Let’s go Super Bowling, one more time, kids. Bring the whole Mile High gang up. Bring John Elway and his mile-wide smile. Bring Bobby Humphrey home to Hubert Humphrey’s dome. Bring fresh prince of mid-air Vance--excuse me; the Vance--Johnson and his easel and oils. Bring Herr Mecklenburg, too. Bring everybody from Boulder and Bedrock and all those rocky Colorado towns for one more hike toward the mountaintop.

Others might dread the prospect of another Super Bowl involving (ugh) Denver. Maybe they will be pulling for Buffalo in Sunday’s AFC championship game for that very reason, simply to keep Super Party XXVI from being crashed by those crashing bores from the Rockies who have been there four times before without coming closer than 17 points to the winner.

Don’t worry, Denver.

Don’t have a cow, you Broncos.

Some of us are still behind you.

Some of us still think of you as winners.

Not all of us are concerned about your orange always getting crushed.

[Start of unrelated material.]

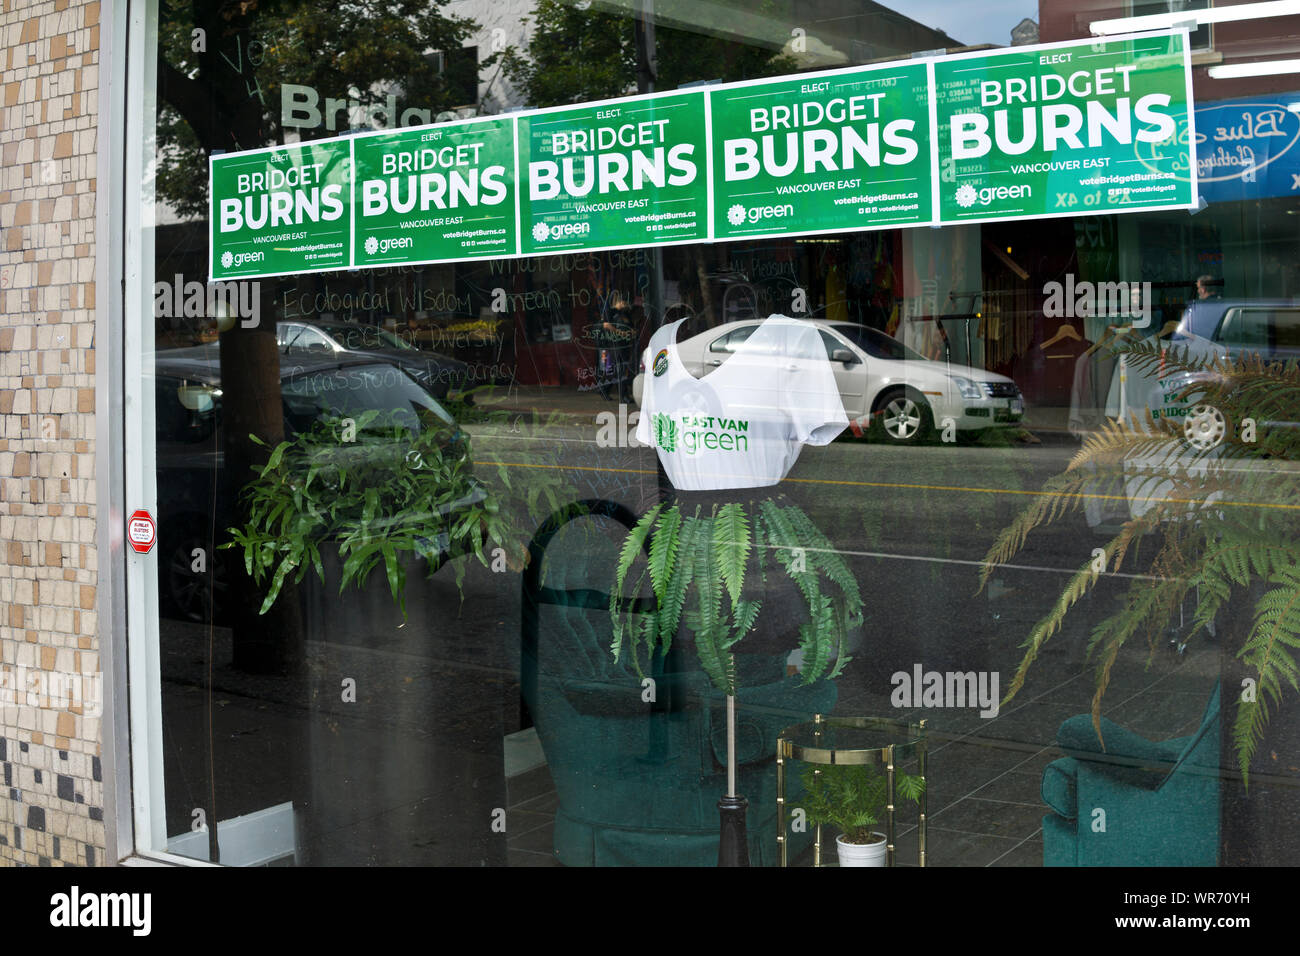 Campaign office for the federal Green Party candidate, Bridget Burns, in East Vancouver, British Columbia, Canada. Stock Photo

Honestly, I was all set to write one of those “Oh, no, not them again” stories. I really was. You can get a lot of frequent-writer mileage out of busting them Broncos, let me tell you. Make a lot of wisecracks about Denver having an outstanding chance to win the Super Bowl, at least until the second quarter. Do a lot of material on a Bronco having more second-place finishes than any horse since Alydar. About the Broncos getting their heads handed to them so often, you would think they were coached by Don Corleone.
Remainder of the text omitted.